The present study assessed the prevalence of responders (Rs) and non-responders (NRs) by sex and intervention type, examined sex-by-intervention interactions, and evaluated the likelihood of combined positive responses across body fat percentage (BFP), systolic and diastolic blood pressure (SBP and DBP), and cardiorespiratory fitness (VO2max). The results showed that the proportions of Rs and NRs for each outcome were similar between males and females, with no main effect of sex on responsiveness. Although sex-by-intervention associations were identified in the categorical χ2 analyses, logistic regression estimates were characterized by wide 95% confidence intervals crossing the null value, indicating limited precision of these effects. Accordingly, any apparent sex- or modality-related patterns should be interpreted as descriptive tendencies rather than statistically robust interaction effects. Multinomial logistic regression further indicated no statistically significant main or interaction effects for combined responder outcomes.
It is important to acknowledge that the original randomized controlled trial, from which the present data were derived, did not show between-group differences in the primary outcomes. Accordingly, the current study should not be interpreted as demonstrating differential effects of HIIT versus HIPT. Rather, this secondary analysis was designed to explore individual variability in responsiveness within the intervention arms. In line with this, none of the odds ratios exceeded the threshold of statistical significance, and any apparent patterns across sex or modality should be interpreted with caution. These findings highlight the considerable inter-individual variability in adolescents’ responses to high-intensity school-based exercise while underscoring the need for replication in adequately powered designs.
Both interventions elicited beneficial changes in more than 60% of participants, except for VO2max in the HIPT group, where the responder rate was 44.3%. The lower percentage of VO2max responders in the HIPT group may hypothetically be related to the neuromuscular rather than aerobic emphasis of plyometric training. However, because these differences were not statistically significant and the confidence intervals crossed the null value, this potential explanation should be regarded as speculative. Unlike HIIT, which directly stimulates maximal oxygen uptake through repeated bouts of high metabolic demand, HIPT relies on short, explosive actions with limited engagement of the aerobic system. Accordingly, any modality-related differences in VO2max responsiveness require confirmation in adequately powered prospective studies. Given that the regression-based interaction terms were not statistically significant and confidence intervals were wide, the following considerations are offered solely as potential hypotheses rather than explanatory conclusions. The observed sex-by-intervention interaction may be explained by several underlying mechanisms.
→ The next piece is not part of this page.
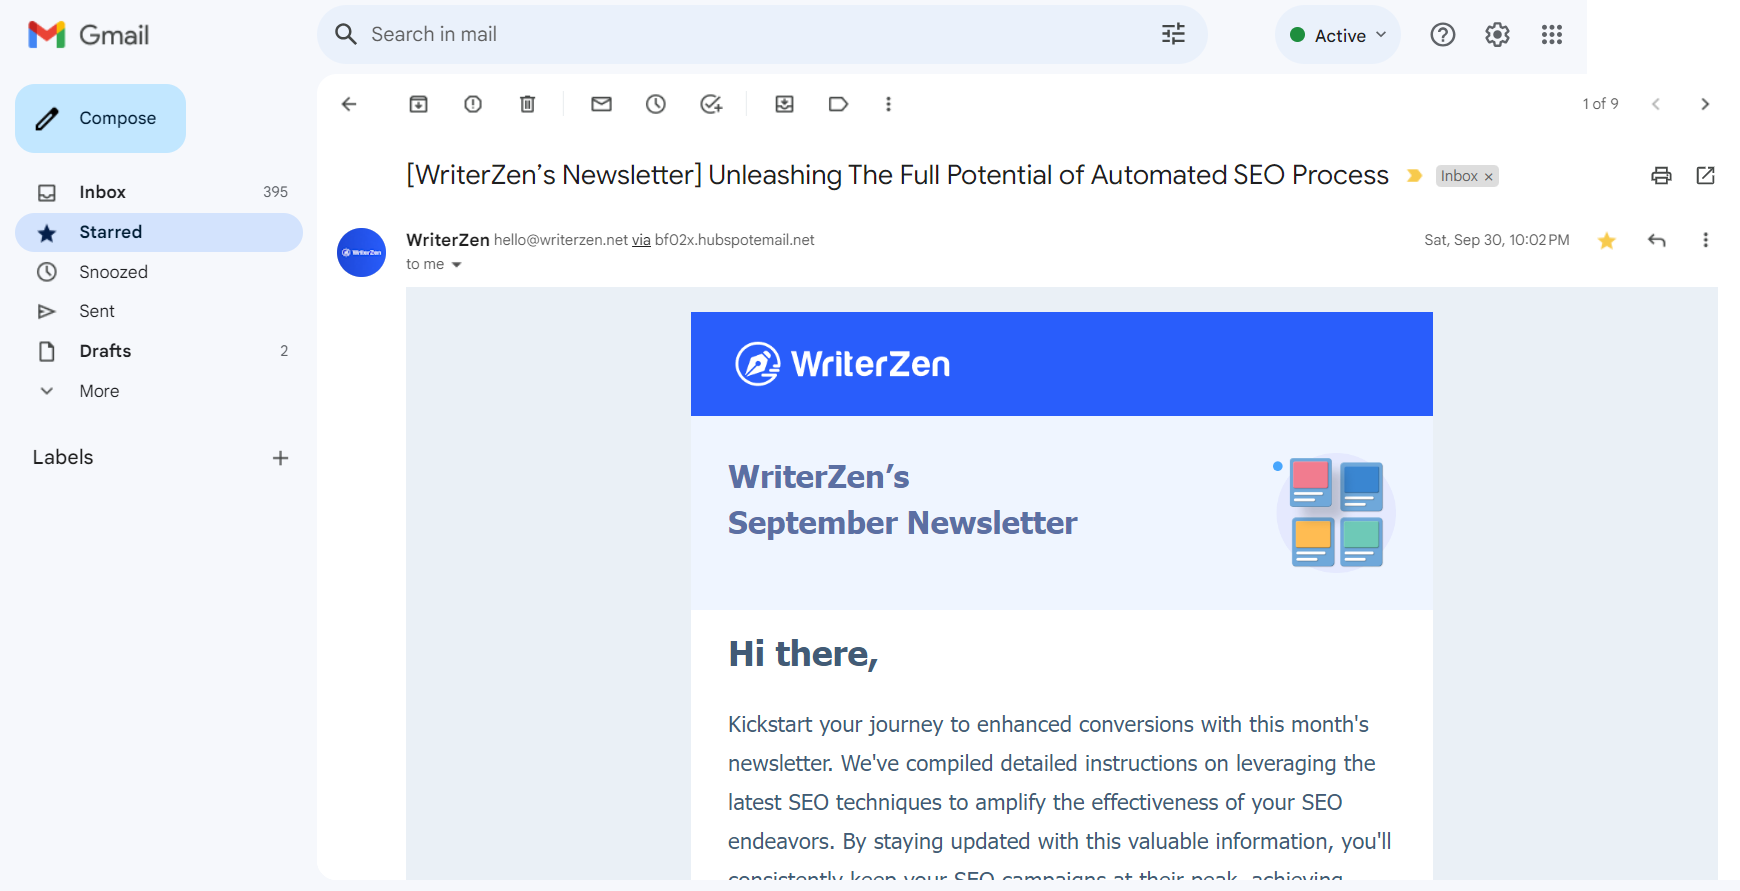 WriterZen's Monthly Newsletter

Hormonal and neuromuscular differences between males and females likely modulate training adaptations. Higher testosterone concentrations in males promote muscle hypertrophy, hemoglobin synthesis, and anaerobic metabolism, facilitating performance gains in HIIT protocols characterized by repeated, high-intensity efforts [11,24,40]. In contrast, females typically exhibit a greater proportion of type I muscle fibers, higher fatigue resistance, and estrogen-mediated vascular and metabolic protection, which may enhance responsiveness to plyometric, bodyweight-based HIPT sessions [40,41,42]. Additionally, differences in motor coordination and movement efficiency could further contribute to inter-individual variability in adaptation patterns, rather than reflecting consistent sex-specific effects.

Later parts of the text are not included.